Overall, I see no problems with governance. The company has experienced significant growth, and over the past few years, free cash flow margins have been roughly breakeven. Management has stated its desire to continue to be profitable on a non-GAAP basis moving forward, which I believe will increase free cash flow margins and also, I believe that both organic product creation and acquisitions have been wise strategic moves. Since its IPO, Twilio has executed a number of acquisitions every year.
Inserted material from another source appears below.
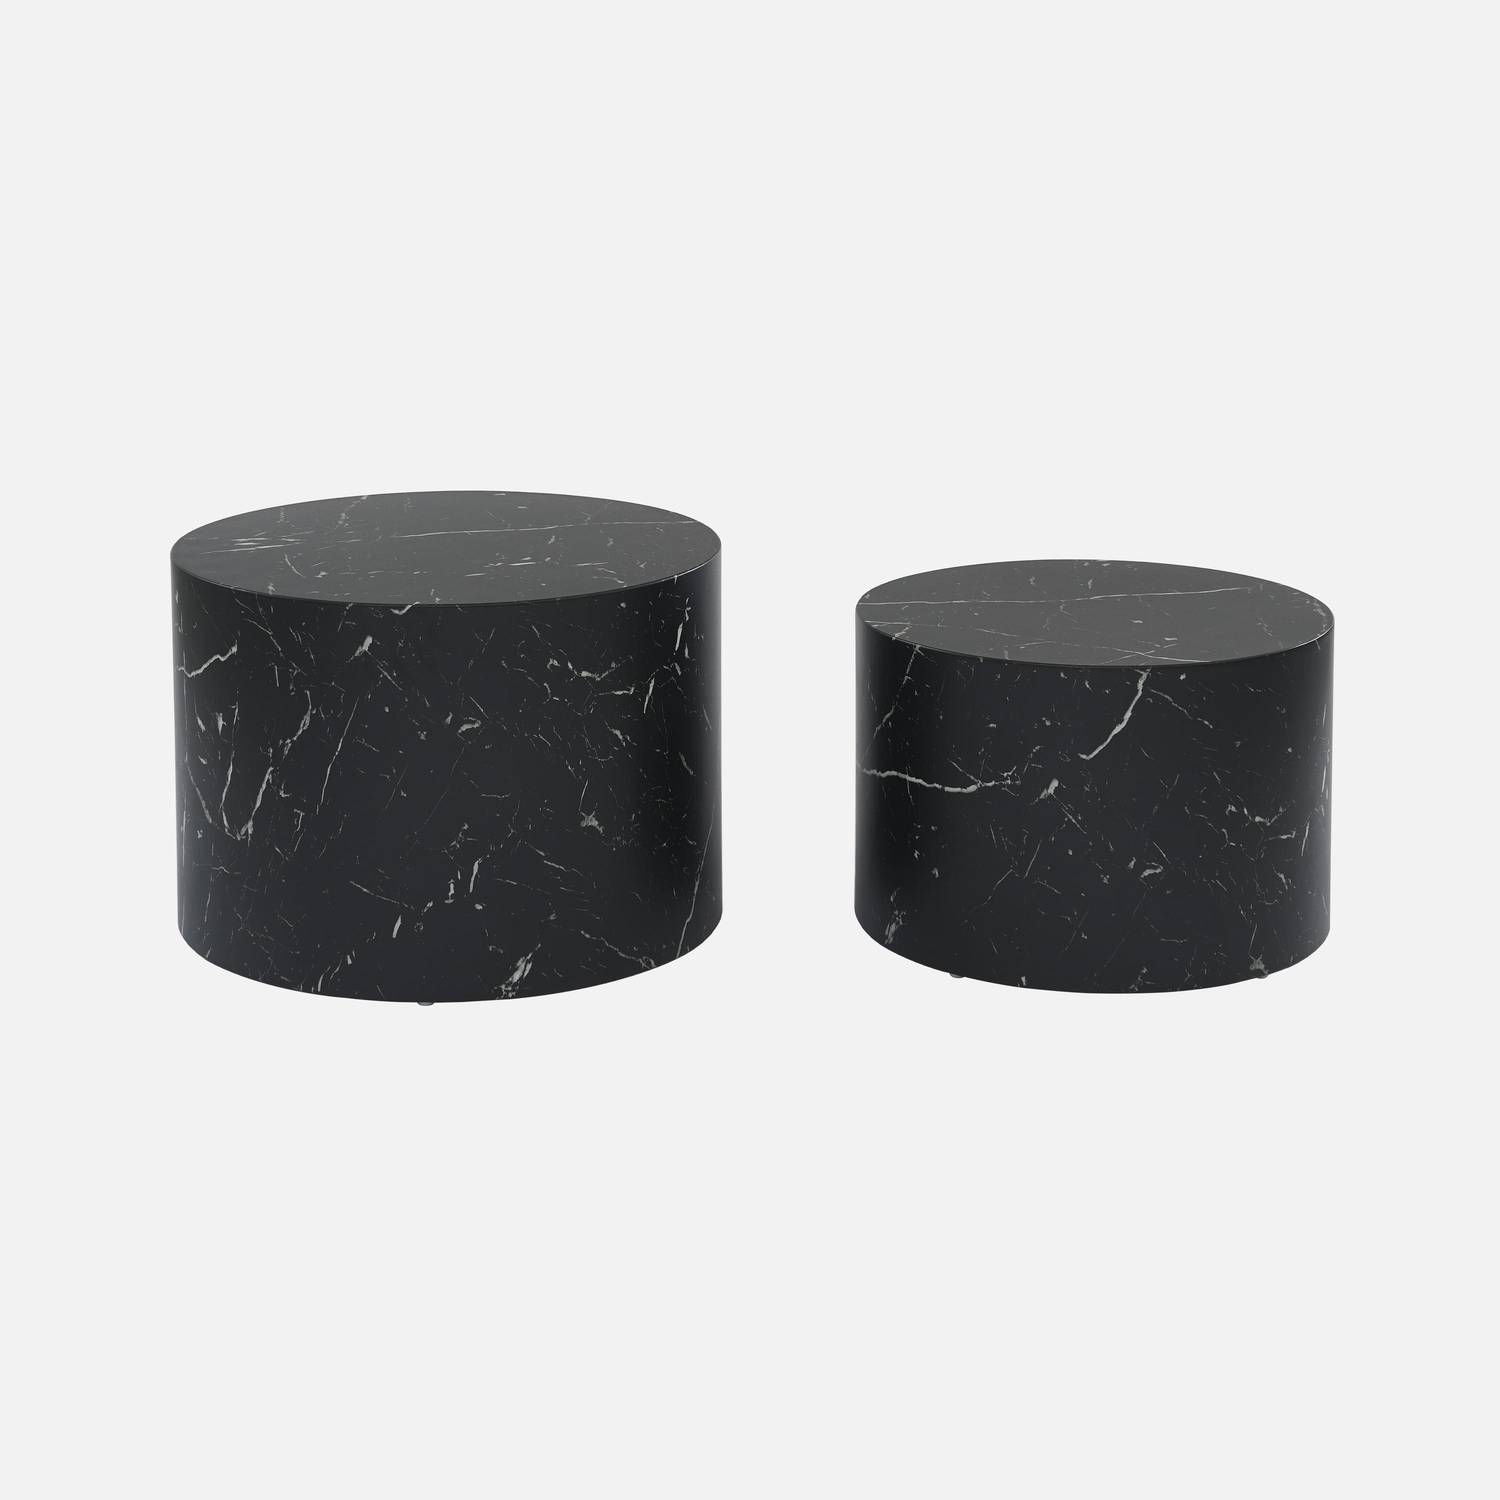 Conjunto de 2 mesas de centro redondas , efeito mármore preto, mesas de encaixe Ø58 x A 40cm / Ø50 x A 33cm Photo4

Even though three larger deals have been executed, these deals are primarily feature-driven and cost less than $30 million each. Twilio bought the email API platform SendGrid in 2019 for $2.8 billion, the customer data platform Segment in 2020 for $3.0 billion, and the toll-free messaging platform Zipwhip in 2021 for $839 million. Even if they were margin-dilutive in the short term and the goodwill affects estimates of return on invested capital, these larger agreements, in particular, have assisted in accelerating growth and improving retention. I recognise the strategic justification for these purchases, but as deal sizes grow, so does my skepticism. To put it another way, I believe the company's acquisition approach is riskier than the normal software company. The management team at Twilio has developed a sound strategy and successfully carried it out. Twilio was established in 2008 by Jeff Lawson, Evan Cooke, and John Wolthuis; Jeff Lawson presently serves as CEO. The company uses a two-class share ownership structure with different voting rights. Lawson has a 4% ownership holding with 24% of the voting rights as of December 2021. Less than 1% of the corporation is still owned by co-founder John Wolthuis, who also has 6% of the voting power.